Once I saw that his cart was empty, I placed the divider and began to unload my own cart. I finished just as the checker scanned the last of Hank Hill’s items and announced the total.
Hank Hill looked at the checker, then at the register, then at the checker again, and then slowly pushed his cart to the end of the lane. He reached into his pocket to pull out his checkbook and pen.
I heard a faint growling noise and looked around for the source before realizing it was me.
Hank Hill opened the checkbook, looked at the checker again, then at the register, and began to write out a check.
Since the era of the debit card began, I have found it difficult to maintain my patience with people who still insist on writing checks for their purchases. Even so, many of these anachronists are at least borderline-courteous, and will write out the check ahead of time, leaving the amount blank, to minimize the delay for the next person.
Not so Hank Hill, who was now checking his watch for today’s date, and writing out the check in what I assume was calligraphy, based on the speed at which he was moving. He was writing a check in roughly the same amount of time it takes Ed Norton to swing a golf club.

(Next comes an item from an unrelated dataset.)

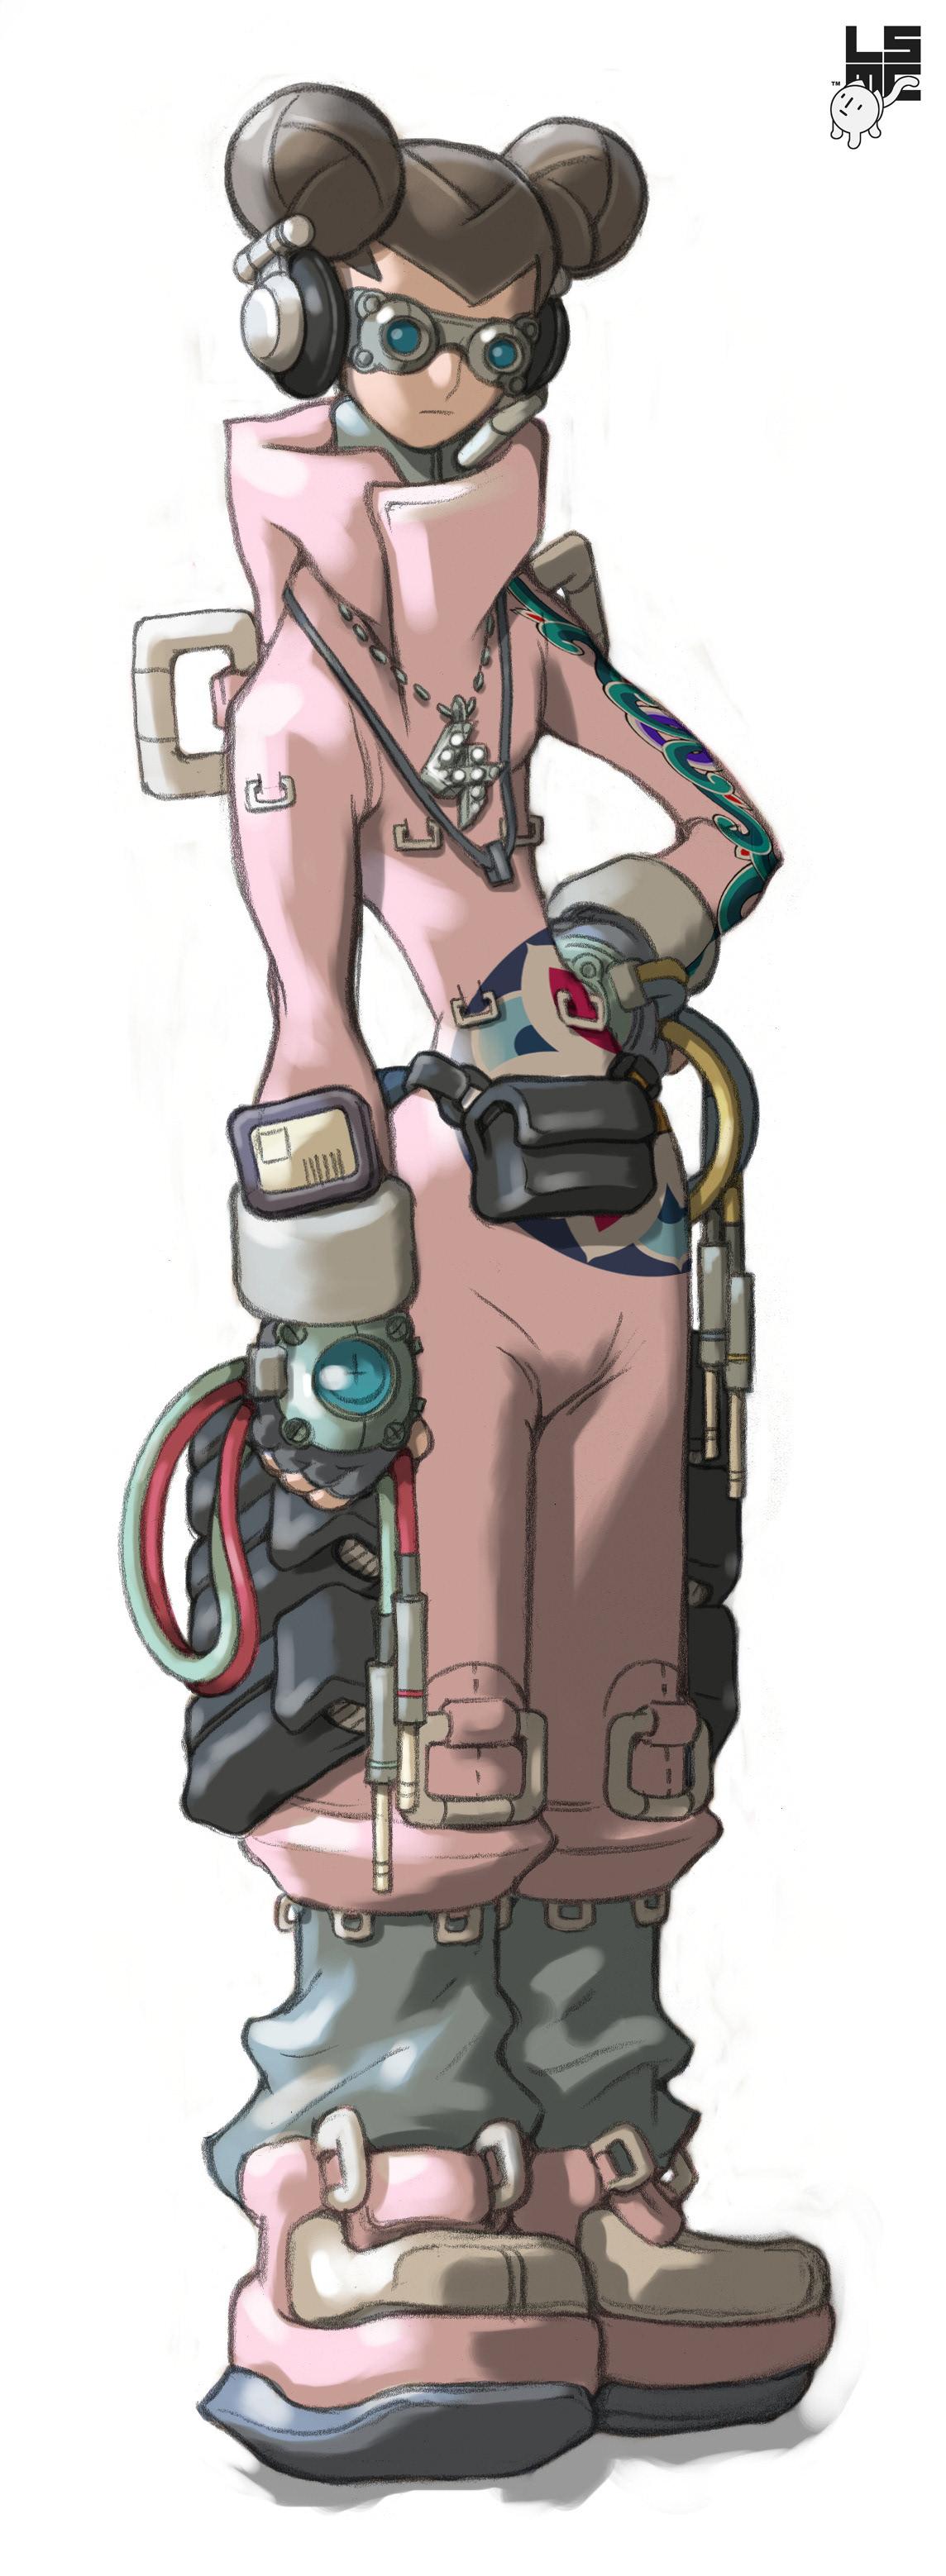 animation  Korea 2D Animation action artwork Character design  concept design future SF songoku

Meanwhile, behind him, Ralph Kramden was beginning his slow burn.
Still and all, Hank Hill had not yet justified his own homicide. If anything, he was guilty of nothing more than a colossal indifference to the world around him. Or perhaps he was suffering from cerebral palsy or advanced syphilis and was physically unable to move at a faster pace.
I took a closer look. He didn’t seem differently-abled. If he suffered from any physical ailment, my guess was chronic constipation.
Hank Hill’s groceries had already been bagged and placed in his cart by the time he had finished writing the check. The checker handed him his receipt, then greeted me, and began to scan my items.
I turned to the end of the lane. Hank Hill and his cart remained resolutely in place, blocking my path. He was placing a knit hat on his head.
Again, with the exception of the profoundly handicapped, I have never seen a person take more time to complete such an ostensibly simple task. It was like watching a one-armed man gift-wrap a bicycle.
My vision inverted suddenly and Hank Hill became a negative image of himself. The sound of pounding surf echoed in my skull and I saw my thoughts like a movie projected inside my head. I was following Hank Hill out to the parking lot, jumping him from behind and wrapping my hands around his neck, watching him choke to death, slowly, just like everything else he did. Then I was dragging him to the cart corral and smashing his head repeatedly between two of the carts, before laying him out in the snow and driving my car over him three times for good measure. Then I was pulling his checkbook from his jacket pocket, writing “FUCK YOU ASSHOLE” on check number 1073 and placing the checkbook back in his pocket before driving off, convulsed in maniacal laughter.
“Your total is fifty-four twenty,” I heard a voice say.
I turned to the checker, who was waiting patiently, then to the end of the lane again. Hank Hill was gone. I had a sudden panicked thought and looked down at my hands. Seeing no telltale bloodstains, I meekly swiped my debit card and rolled my cart out of the store.
Thus I faced down the evil that dwells within my blackened heart. Either that or it was low blood sugar. Regardless, Hank Hill lives, to annoy others to the point of homicide, and the stupid sonofabitch has no idea how lucky he is.